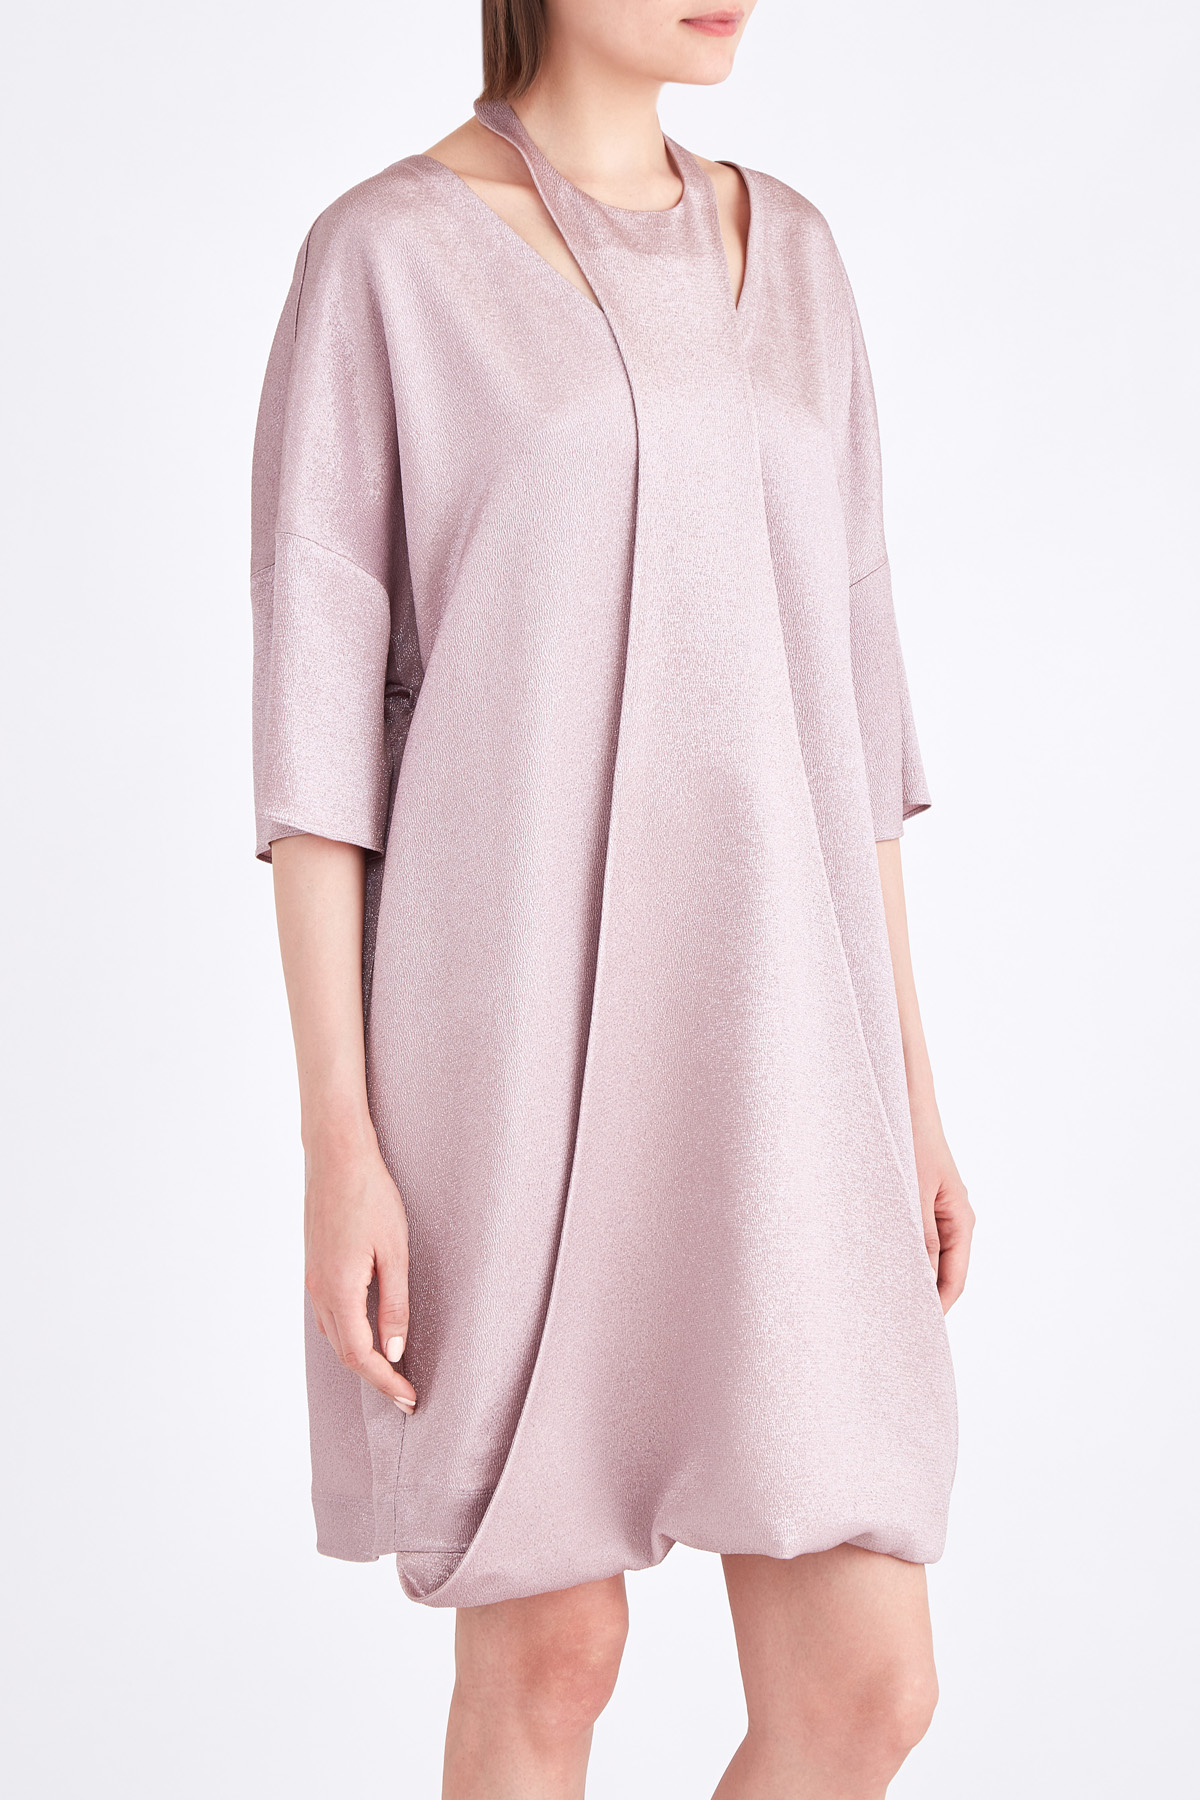 Платье из тисненого металлизрованного атласа с воротником-халтером VALENTINO, цвет розовый, размер 42;44 - фото 3
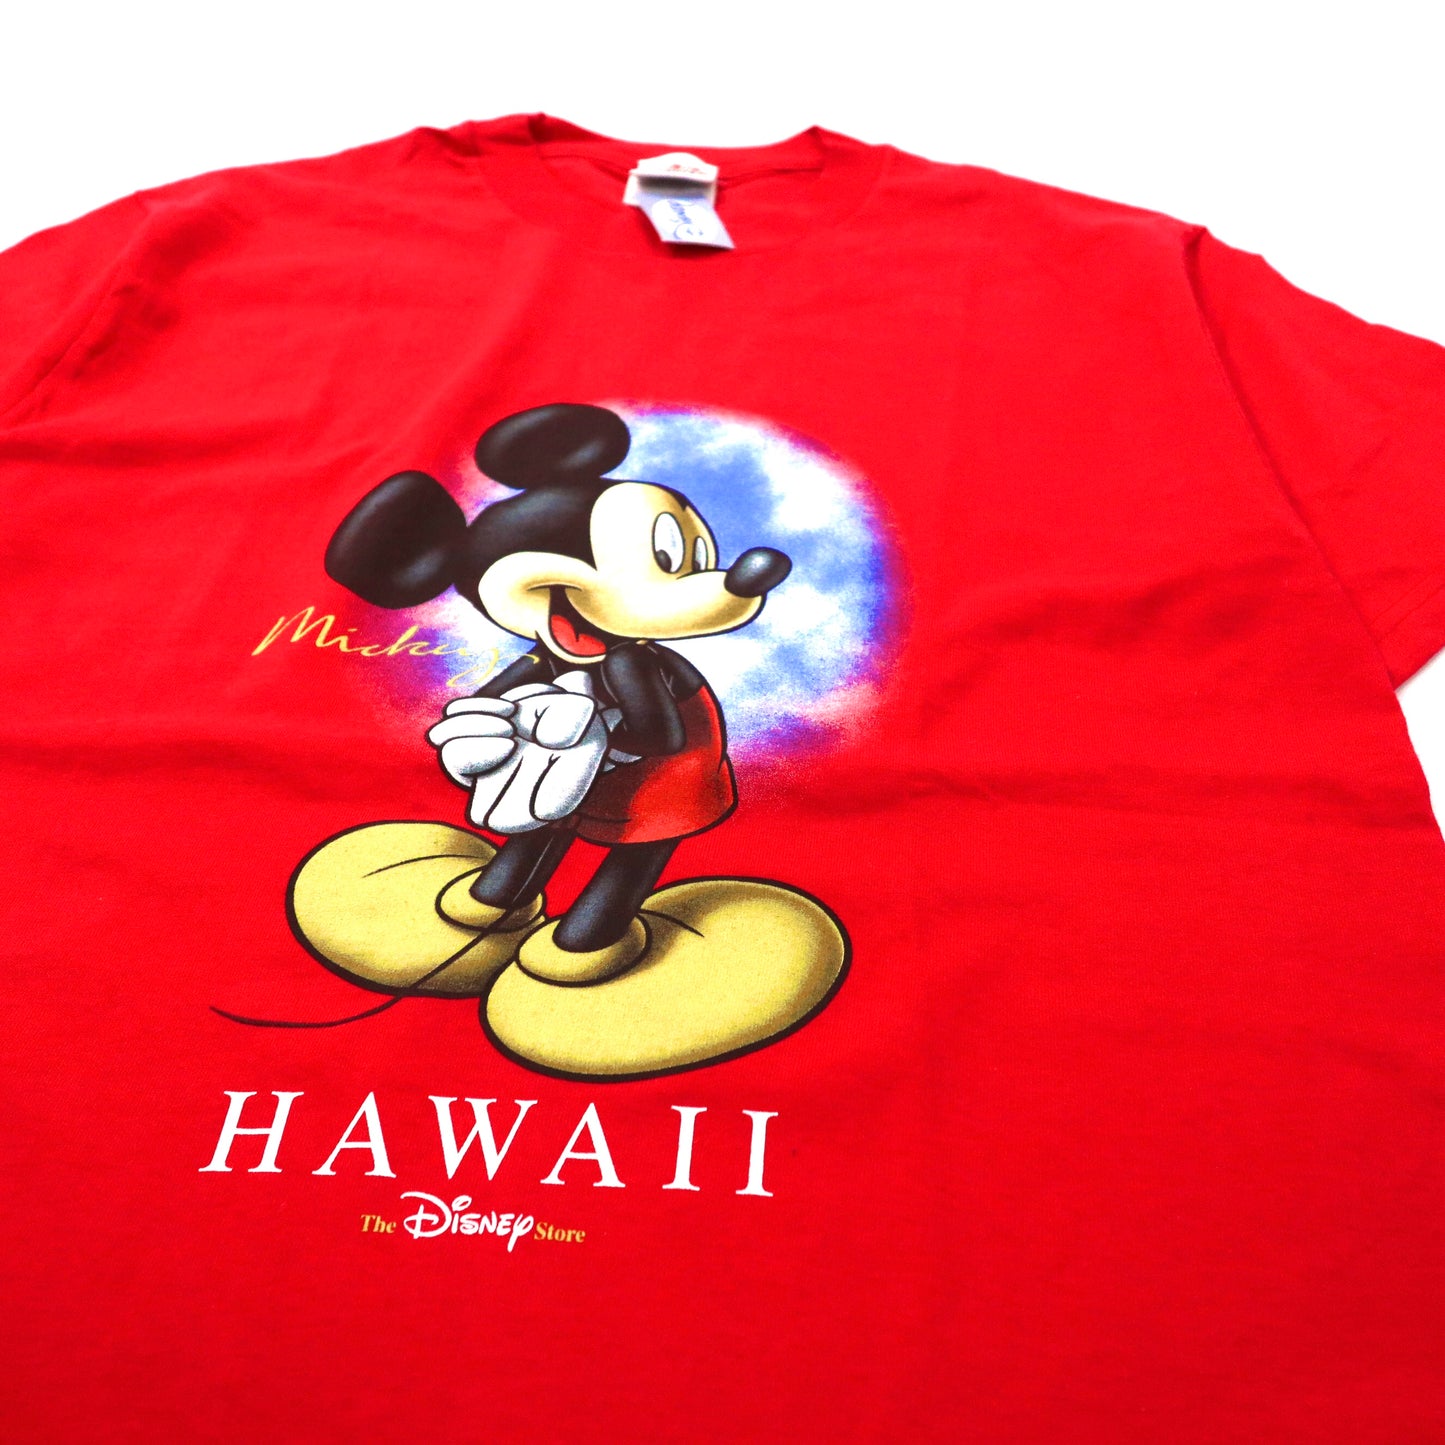 The Disney Store ビッグサイズ ミッキーマウス プリントTシャツ M レッド コットン HAWAII 90年代 メキシコ製 未使用
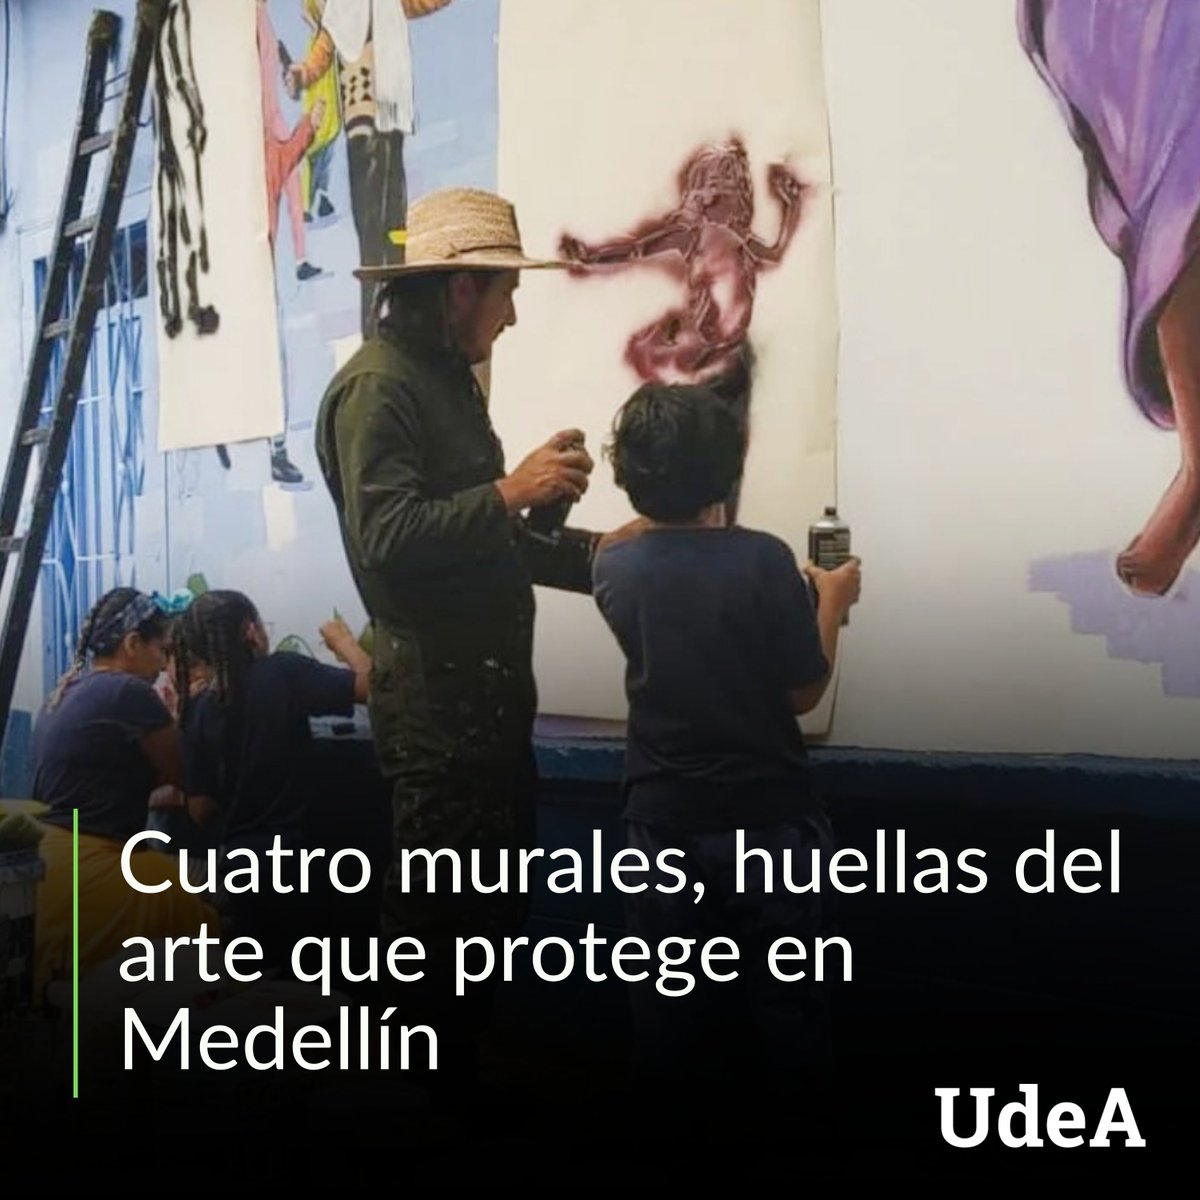 🥰 «Arte que protege», un proyecto que analiza el papel de las iniciativas artísticas y culturales desarrolladas por organizaciones de #Medellín y que son huellas de resistencia en lugares afectados por el conflicto urbano. 😉Detalles en #UdeANoticias 👉 bit.ly/ArProUdeA
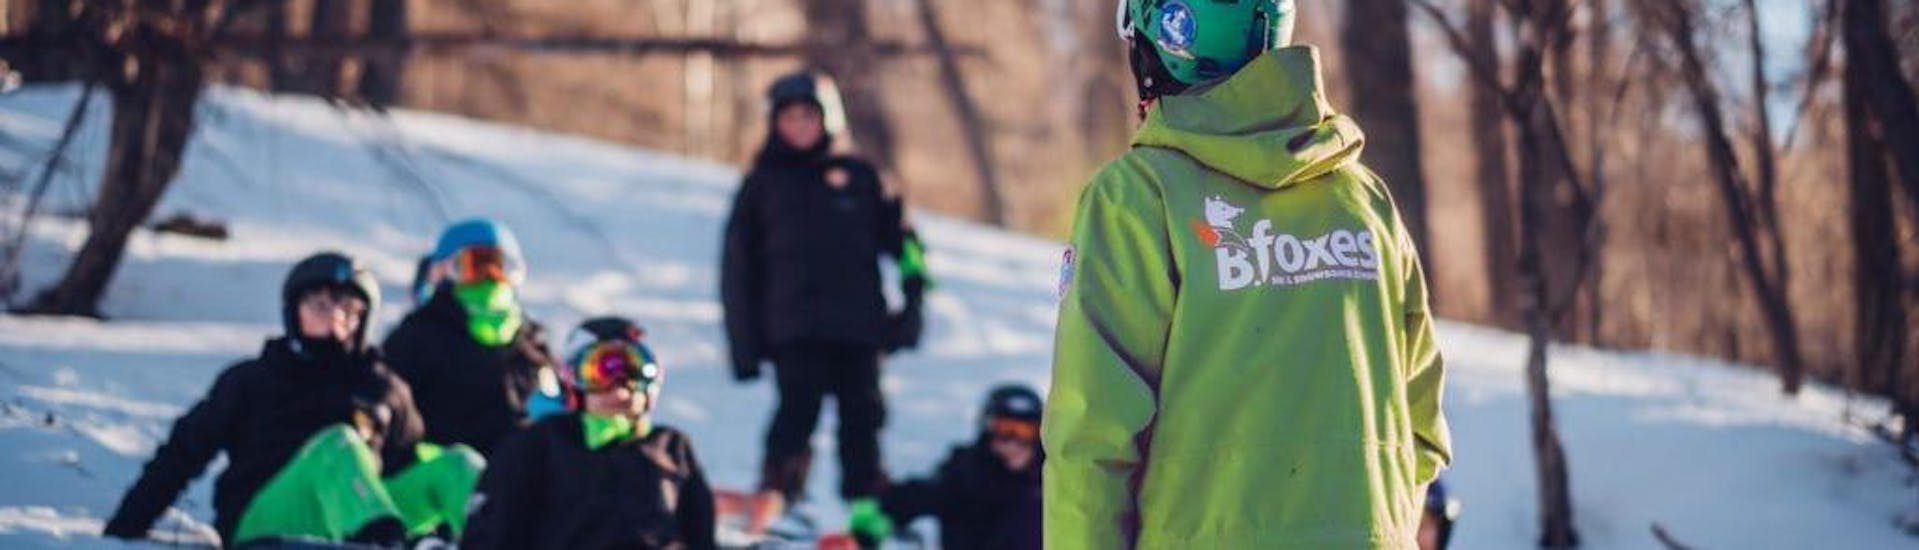 Privé snowboardlessen voor kinderen en volwassenen van alle niveaus.
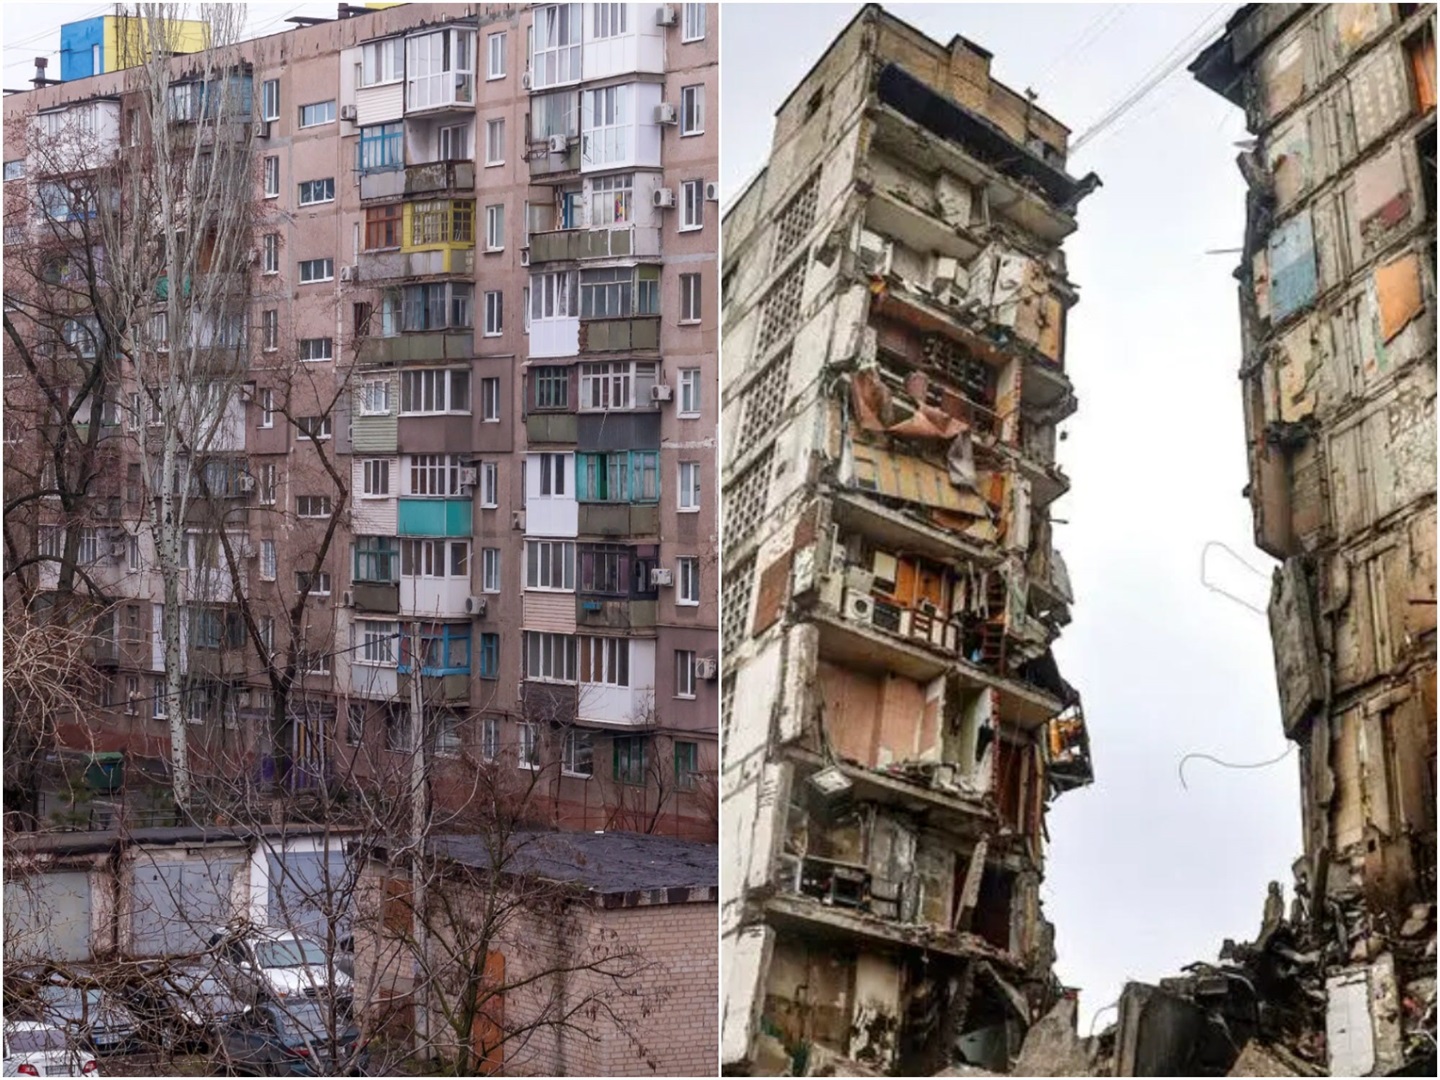 Öncesi ve sonrası fotoğrafları, Rusya'nın Mariupol'u nasıl moloz haline getirdiğini gösteriyor

About this task:
Return each entry exactly as given. Leave the images out.

Solution to this exercise:
 Платье из тисненого металлизрованного атласа с воротником-халтером VALENTINO, цвет розовый, размер 42;44 - фото 3
 The Disney Store ビッグサイズ ミッキーマウス プリントTシャツ M レッド コットン HAWAII 90年代 メキシコ製 未使用
 🥰 «Arte que protege», un proyecto que analiza el papel de las iniciativas artísticas y culturales desarrolladas por organizaciones de #Medellín y que son huellas de resistencia en lugares afectados por el conflicto urbano. 😉Detalles en #UdeANoticias 👉 bit.ly/ArProUdeA
 Privé snowboardlessen voor kinderen en volwassenen van alle niveaus.
 Öncesi ve sonrası fotoğrafları, Rusya'nın Mariupol'u nasıl moloz haline getirdiğini gösteriyor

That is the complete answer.